■ **Task requirements**
What are the lines, copied exactly, from the one containing "Пиджак мужской шерстяной" through the final line of the material? Leave the pictures out.

═══ Collected data ═══

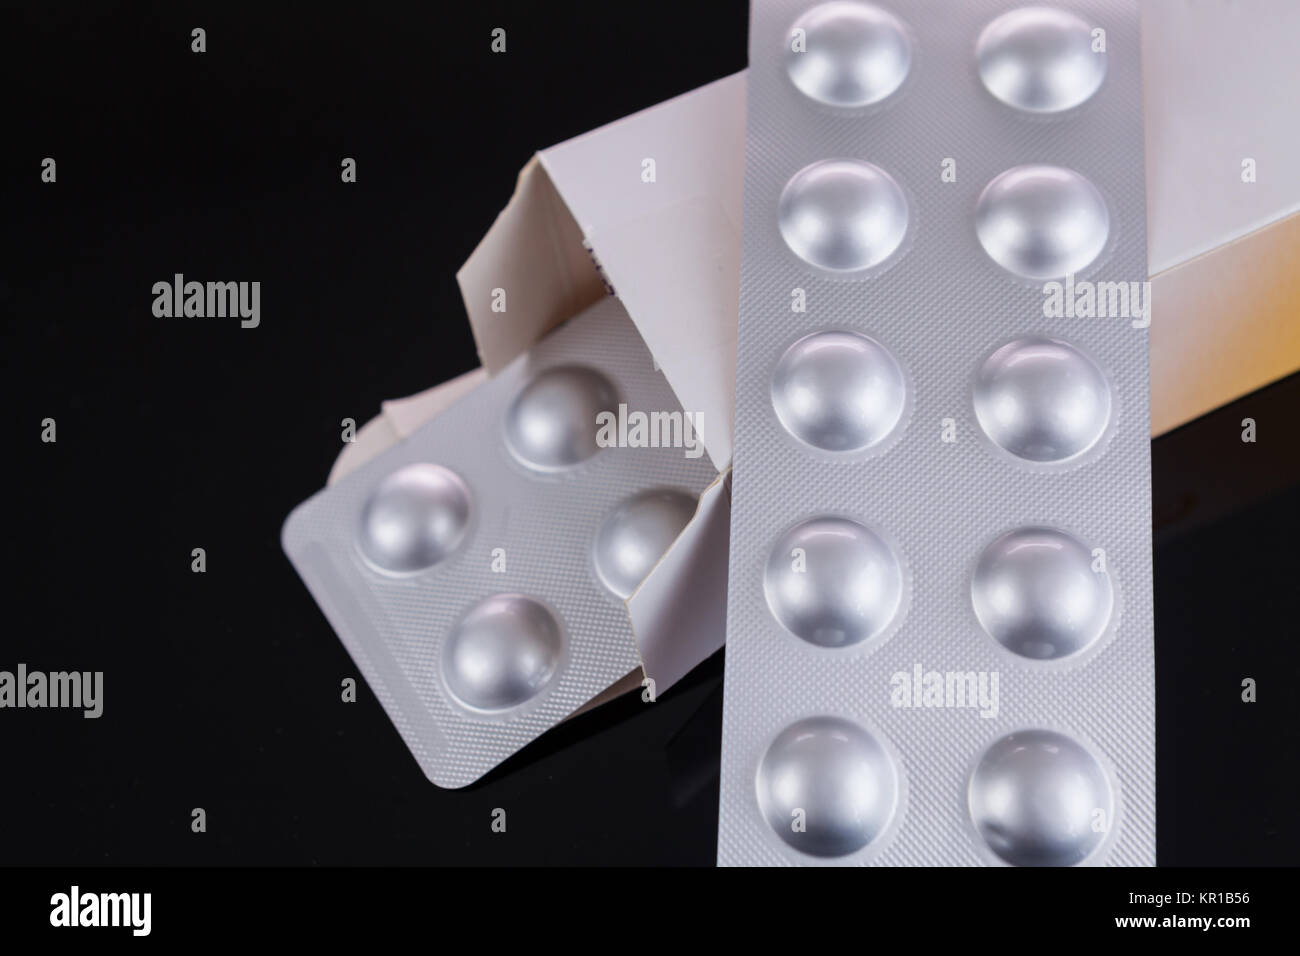 Silberne Blisterpackung von kleinen Pillen zusammen mit Schachtel mit zusätzlichen Packungen durch den offenen Deckel über einem schwarzen Hintergrund in einem Gesundheits-Konzept Foto Stock
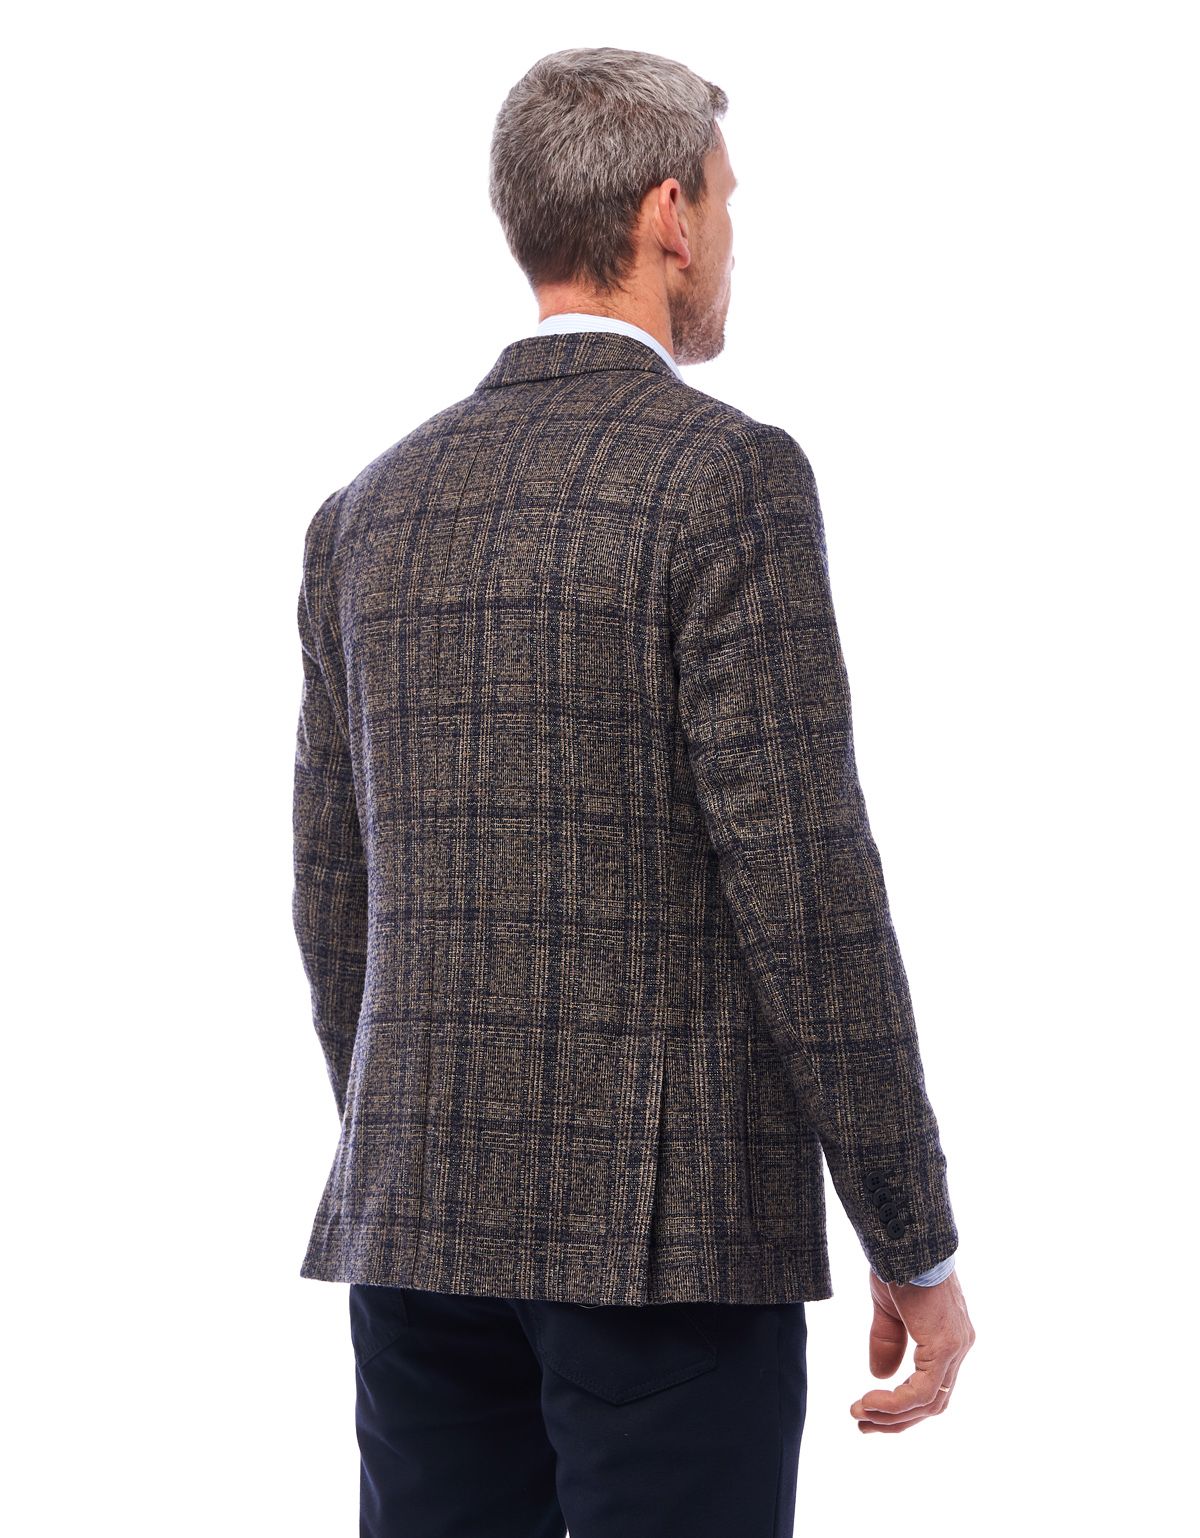 Пиджак мужской шерстяной в клетку Roy Robson с 2 шлицами, modern fit | купить в интернет-магазине Olymp-Men
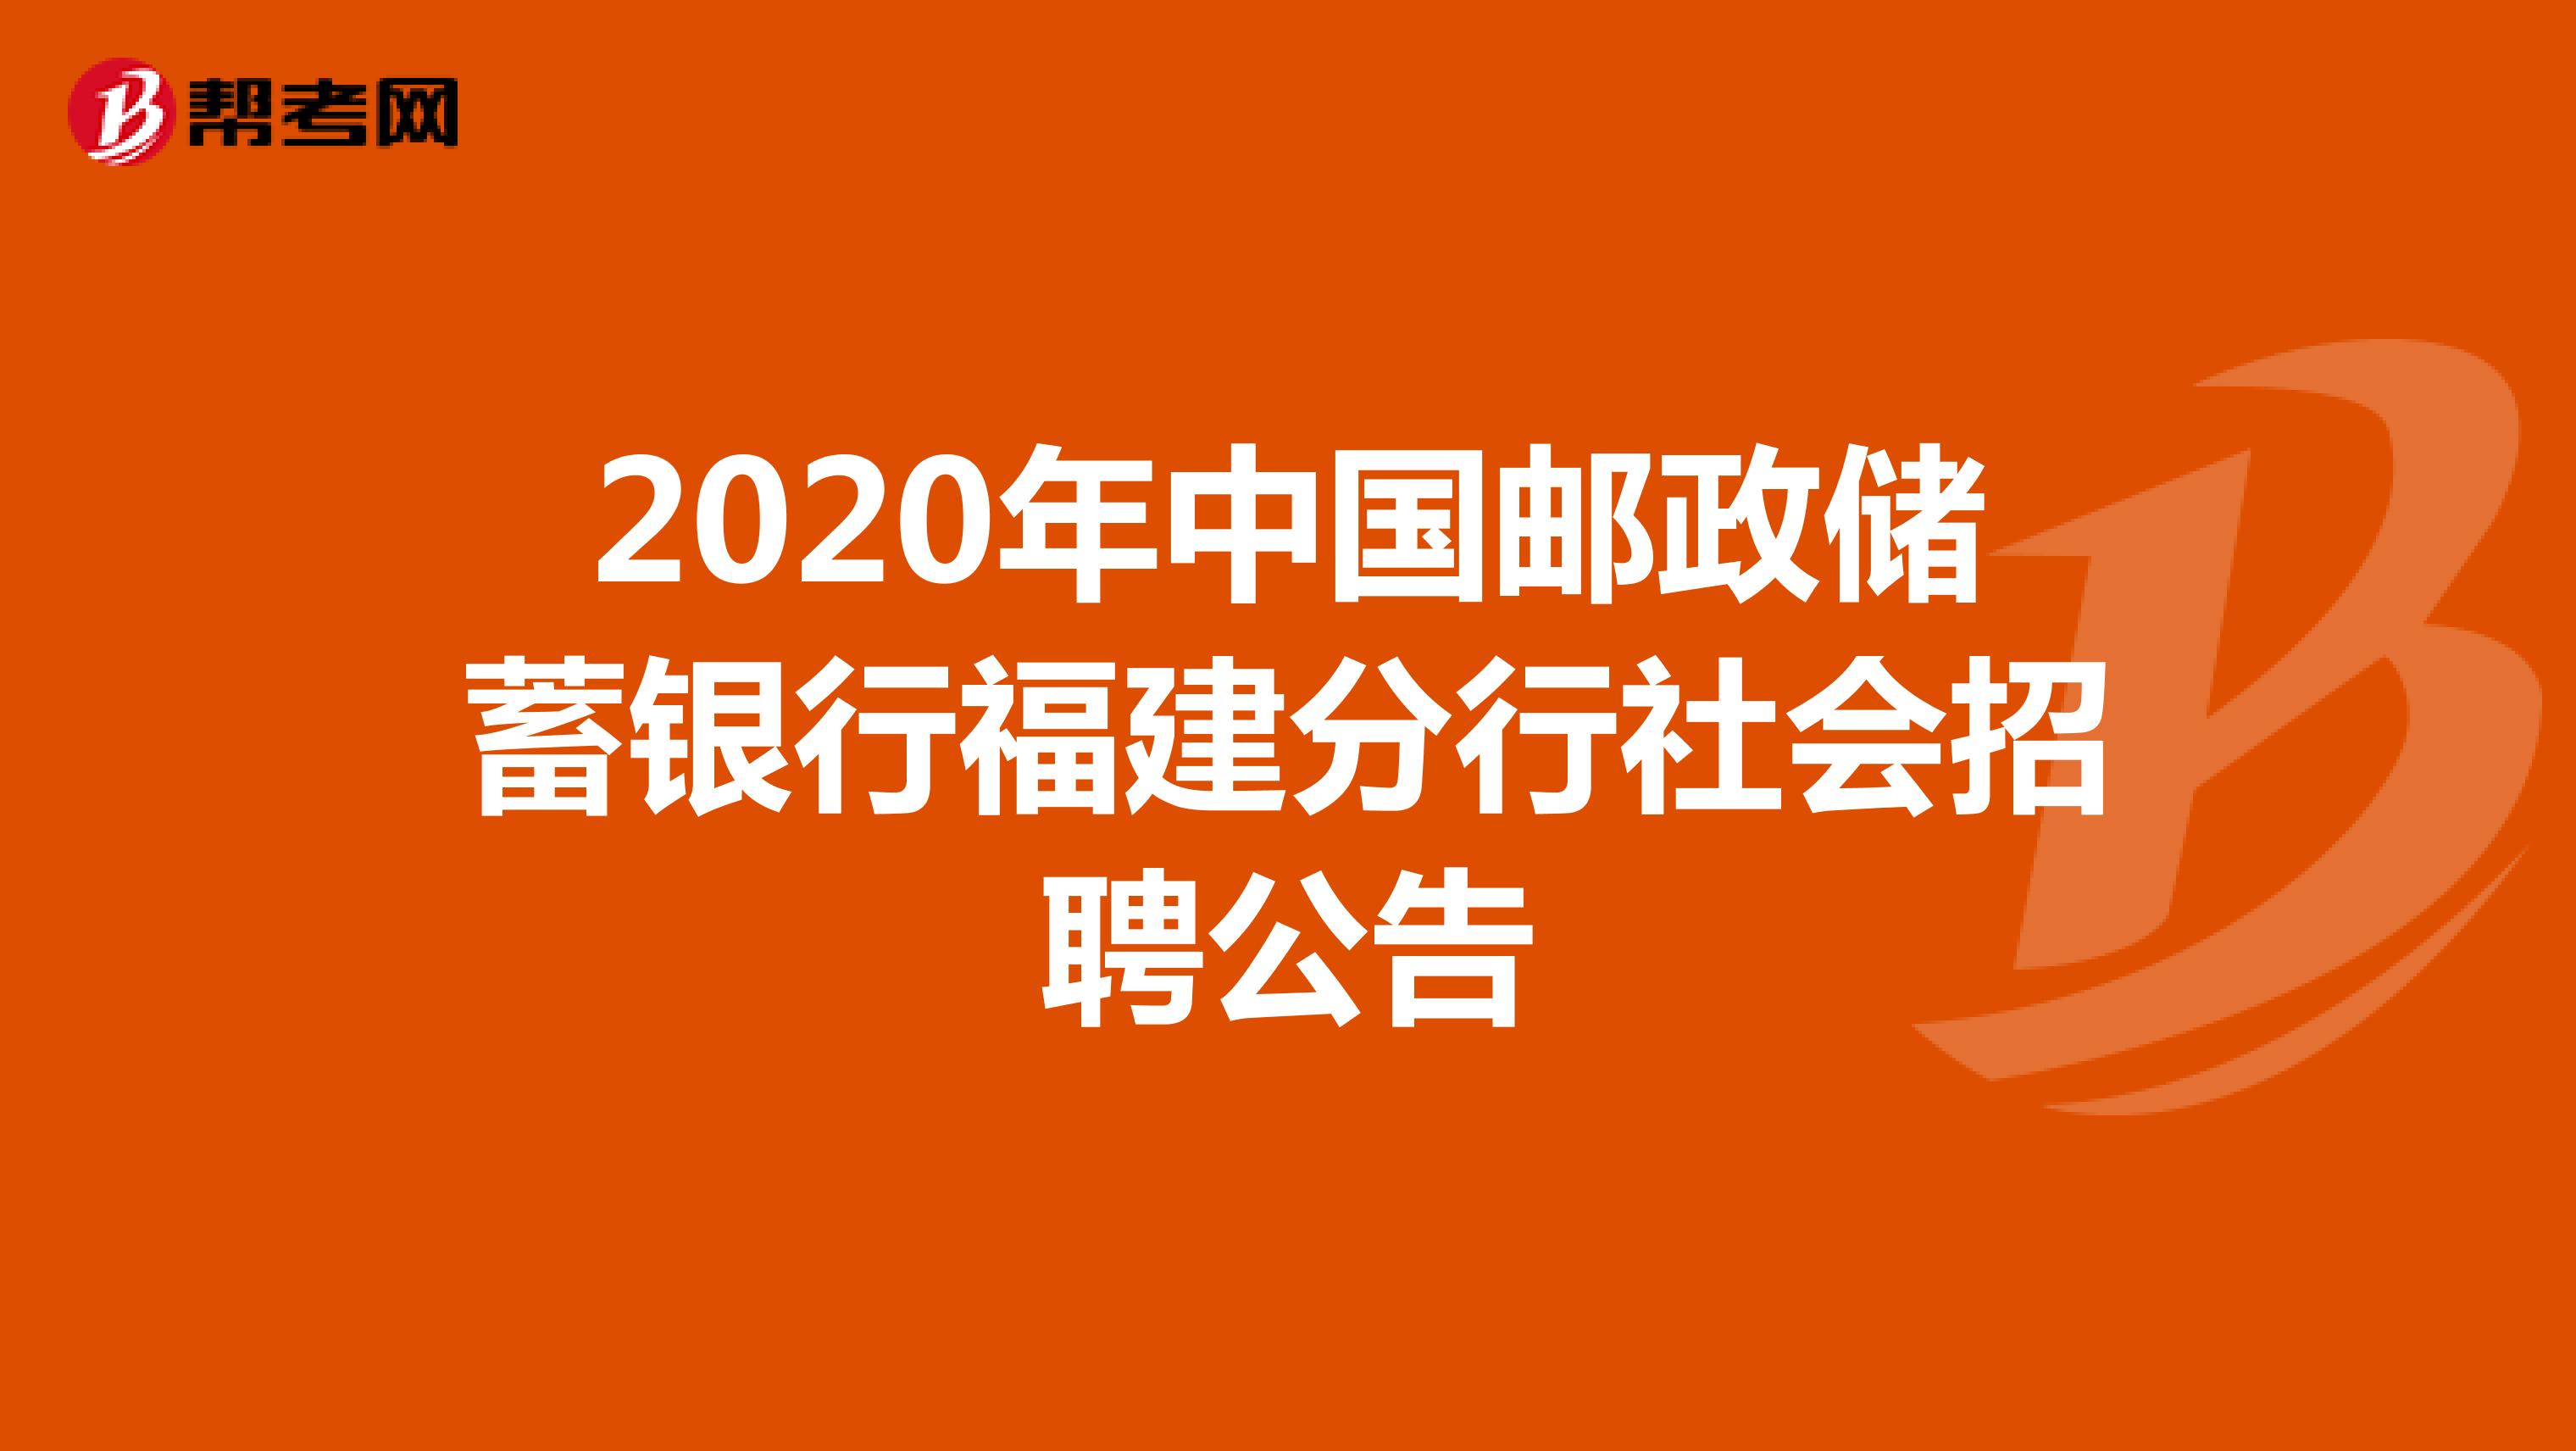 2020年中国邮政储蓄银行福建分行社会招聘公告

═══

■ **Result for this task**
 Пиджак мужской шерстяной в клетку Roy Robson с 2 шлицами, modern fit | купить в интернет-магазине Olymp-Men
 2020年中国邮政储蓄银行福建分行社会招聘公告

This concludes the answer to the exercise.